Descriptif du projet

Si la précédente installation de Rudy Decelière avait pris place dans l’avant-nef de l’église Saint-François, les échelles de Sandrine Pelletier, investiront le volume entier du monument. Posées à même le sol, des échelles de toute taille, mesurant parfois près de dix mètres, s’élanceront vers les ogives.

Près d’une centaine d’échelles joueront avec les murs et traverseront les différents espaces de l’église, puisque le nombre de thèses placardées par Luther en 1515 sera repris par l’artiste. L’œuvre formera ainsi une dense forêt de 95 échelles carbonisées, odorantes et en partie consumées, présentant encore les stigmates des brûlures que la plasticienne leur aura minutieusement infligées.

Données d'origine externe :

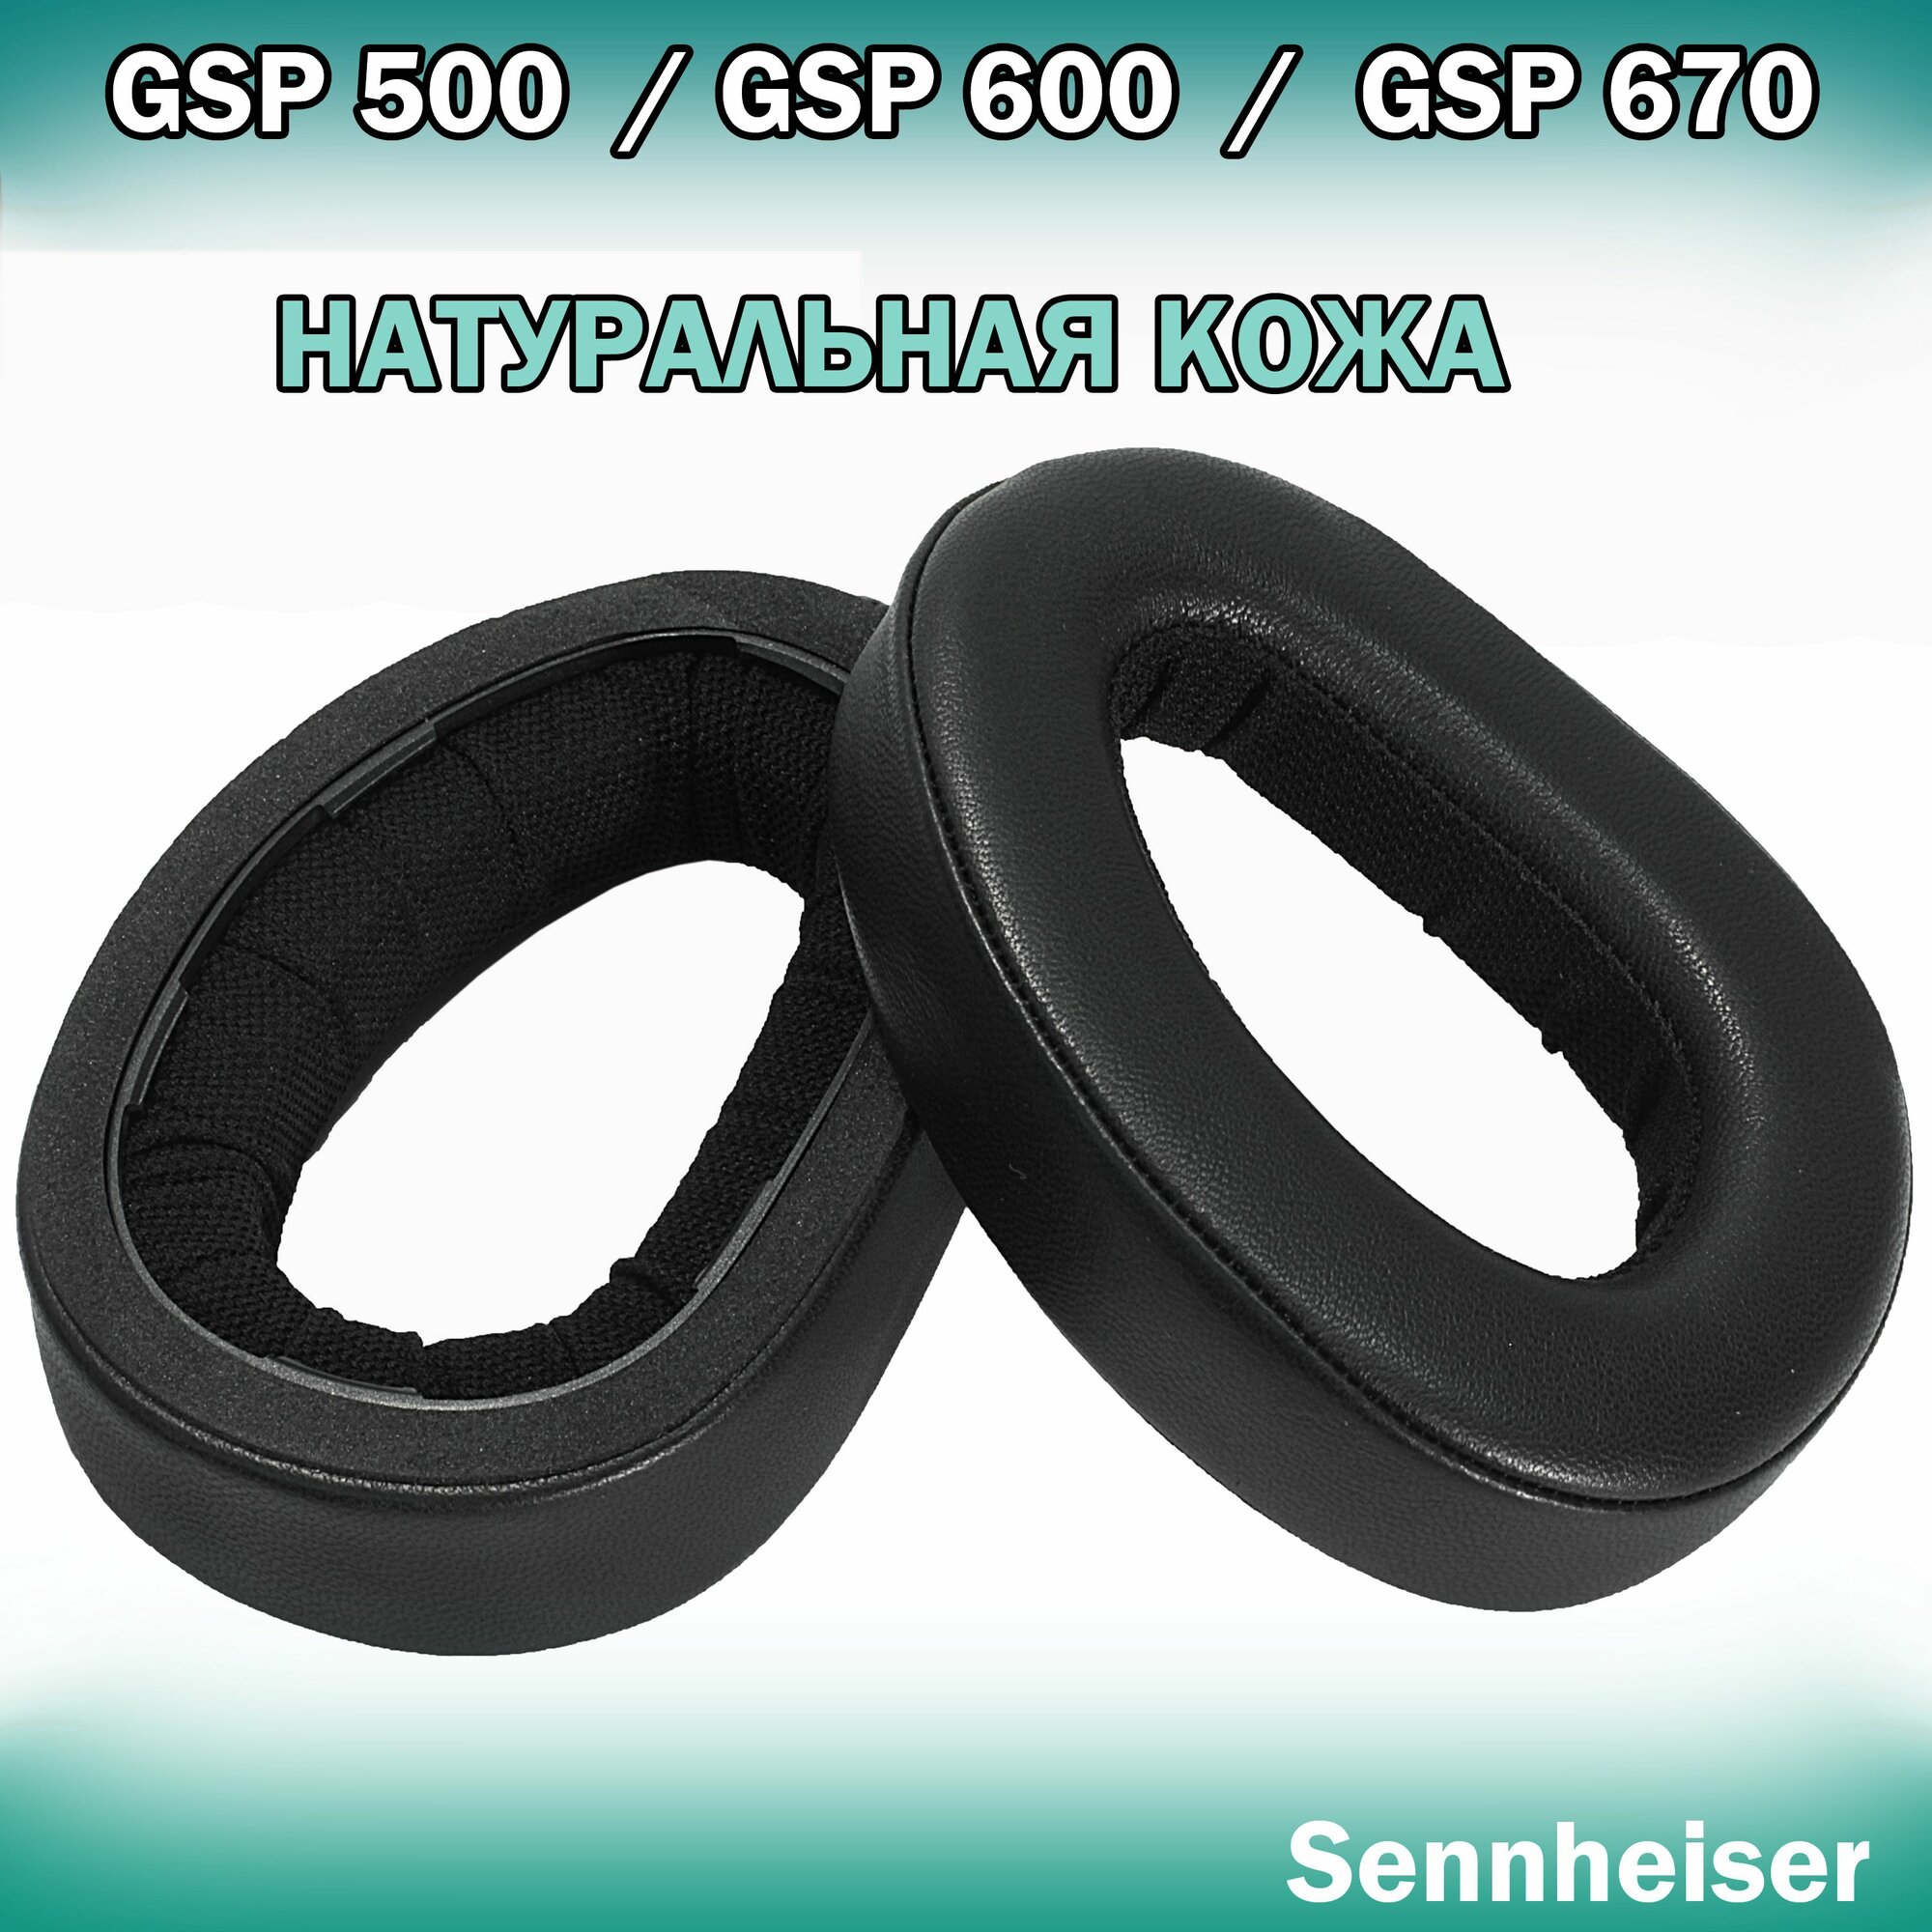 Амбушюры из натуральной кожи Sennheiser GSP 500, GSP 550, GSP 600, GSP 670 с прошитым внутренним швом

Pour laisser place à l’installation des échelles, l’ensemble des bancs sera évacué. Dès son entrée dans l’église, le visiteur sera plongé au cœur de la vaste installation, sans recul possible, mais variant à son gré les points de vue sur ce chaos d’échelles noircies. Au milieu de cet enchevêtrement à la fois fragile et imposant, le regard du visiteur se dirigera vers les voûtes, guidé par le rythme irrégulier des échelons. De même, selon les déplacements du visiteur au coeur de l’installation, les points de vue différents feront parfois apparaître des anamorphoses ou des motifs géométriques aléatoires.

«Diorama», Vent des Forêts 2014, Bois, verre, four verrier (12 m ø).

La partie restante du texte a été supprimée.